Rundfunk Sinfonieorchester Berlin: Essay über die Liebe
Hector Berlioz' „Roméo et Juliette“ ist ein verrücktes Werk: Fast 100 Minuten lang, eine wilde Mischung aus Oper, Sinfonik und Kantate. Im Konzerthaus dirigiert Marek Janowski eine atmosphärisch dichte Aufführung.
Er war aber auch ein verwegener Kerl, dieser Hector Berlioz. Der Romeo unter den Komponisten des 19. Jahrhunderts, der fest daran glaubte, dass sich verfeindete Musikfamilien durch Liebe versöhnen lassen. Für seine Version des shakespeareschen Verona-Dramas reißt er alle Schubladen aus der Gattungs-Kommode, mixt mutig Oper und Orchesterwerk, Kantate, Tonpoem und Ballettmusik. Ein 100-minütiger Hybrid ist „Roméo et Juliette“, diese „dramatische Sinfonie“, in der nur die Nebenfiguren singen, während die Titelhelden rein instrumental auftreten.
Kurz vor seinem 75. Geburtstag am 18. Februar schenkt Marek Janowski sich und dem Berliner Publikum nun eine Aufführung von „Roméo et Juliette“, als Teil eines Berlioz-Doppelprogramms, bei dem am heutigen Sonntag die „Sinfonie fantastique“ sowie der Liederzyklus „Nuits d’été“ folgen werden. Handelt es sich bei den beiden letztgenannten Stücken unbestritten um Meisterwerke, wirkt „Roméo et Juliette“ eher wie eine gedankliche Vorstudie, extrem experimentell, ja unvollendet, selbst in einer atmosphärisch so dichten, stilistisch höchst kompetenten Aufführung wie am Freitag im Konzerthaus.

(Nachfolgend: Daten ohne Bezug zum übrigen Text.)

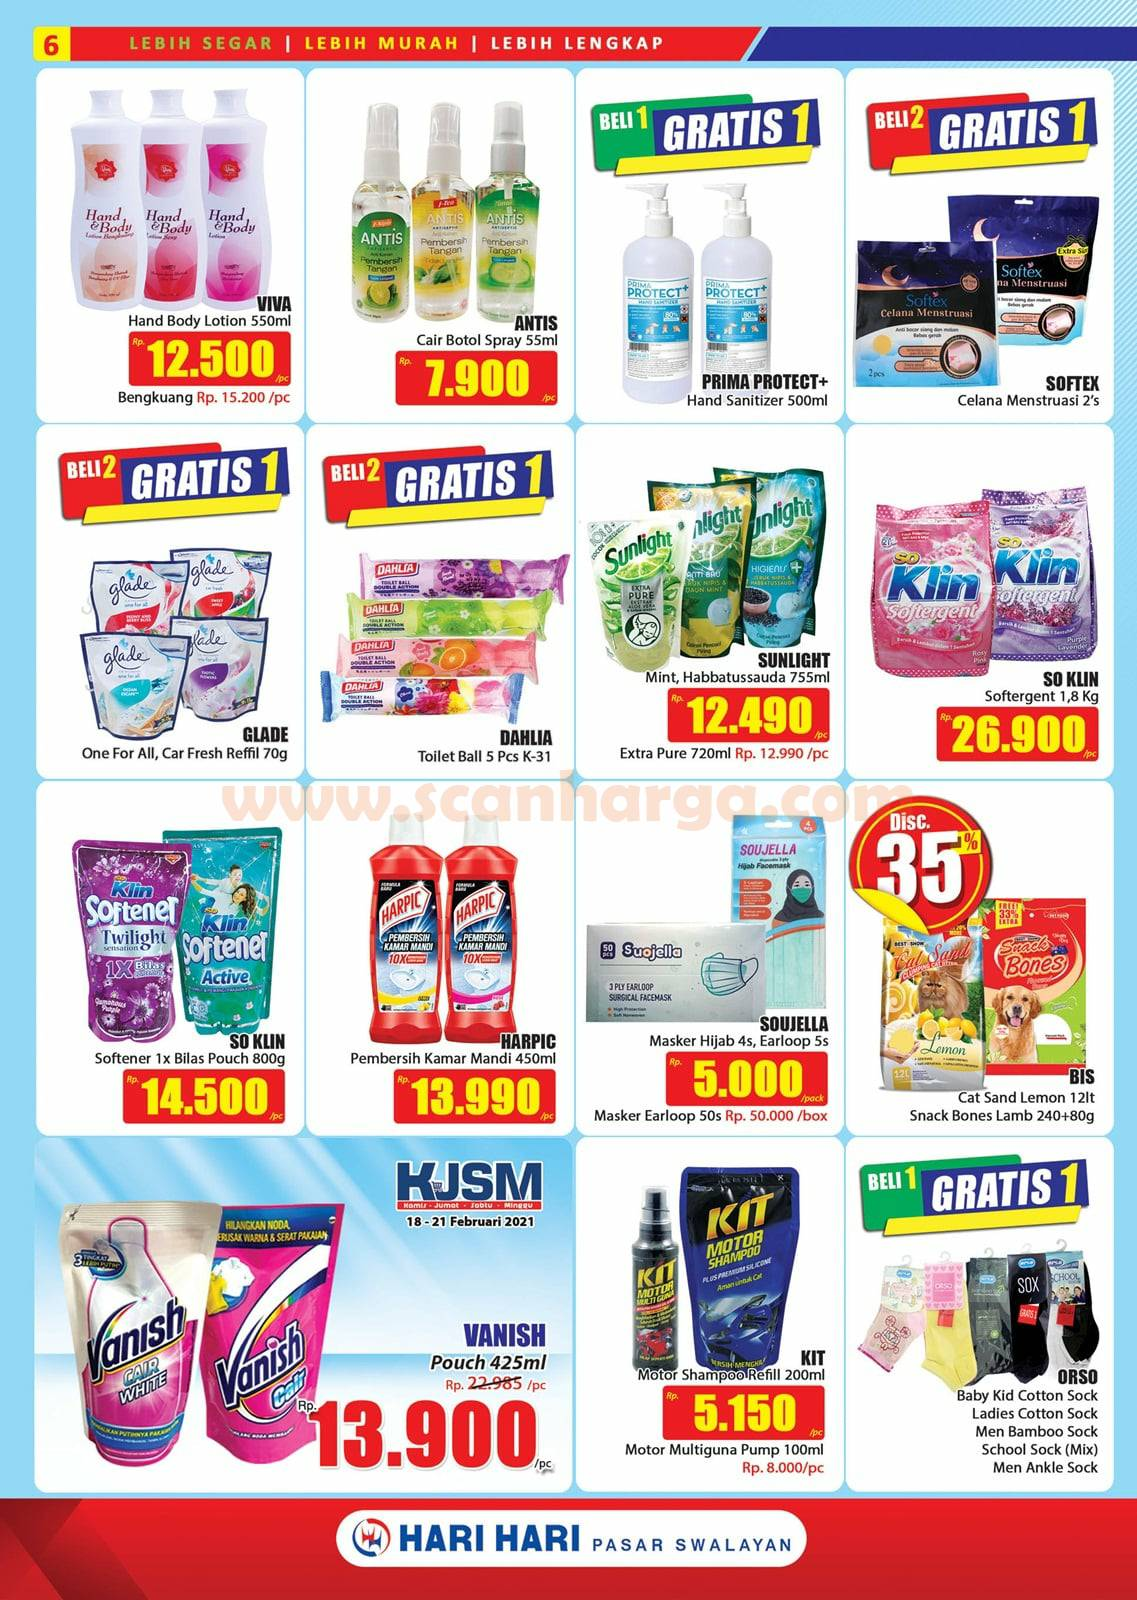 Katalog Promo Hari Hari Pasar Swalayan 18 Februari - 3 Maret 2021 6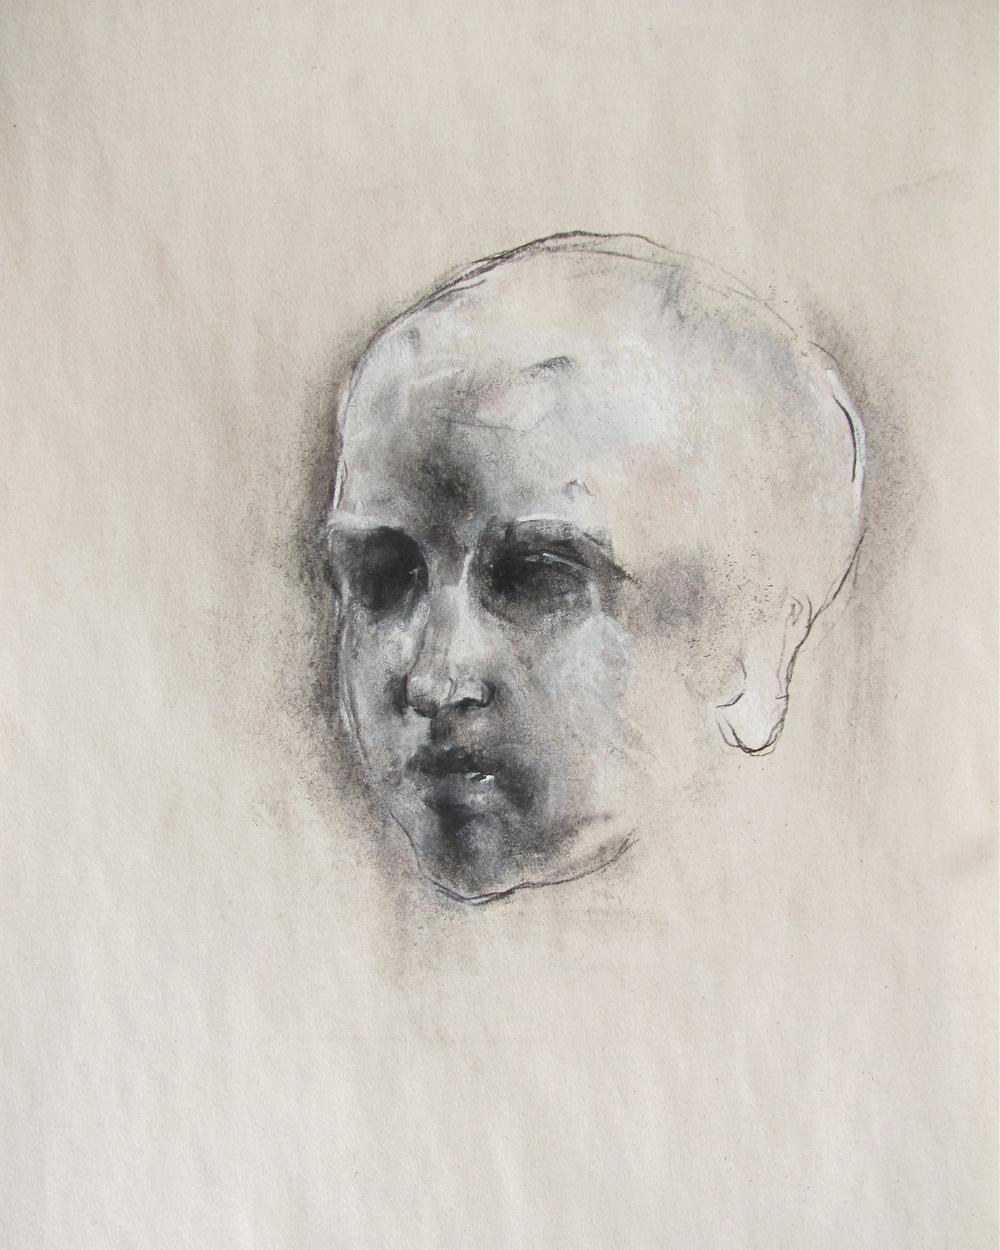 60th St. Portrait #8

Perlmuttglanz liegt über den perfekt gemischten Stimmen des Berliner Rundfunkchors, der zunächst in Kammerformation zu hören ist. Später werden zwei unsichtbare Fernchöre für den schönsten klanglichen Zaubereffekt sorgen. Mit mütterlicher Sanftmut beschwört Bernarda Fink in ihrem einführenden Nachtstück die aufkeimenden, jugendlichen Gefühle, im eleganten Parlando berichtet Yann Beuron von der Fee Mab, mit suggestivem Bass führt Matthew Rose als Pater Lorenzo das Grand-Opéra-Finale an.
Und über allem waltet Marek Janowski, koordiniert souverän die 170 Beteiligten, als leidenschaftlicher Anwalt dieses Essays über die Liebe – den erst Richard Wagner, der 1839 die Pariser Uraufführung miterlebte, zu Ende denken sollte: zwei Jahrzehnte später, in seiner „Tristan und Isolde“-Oper.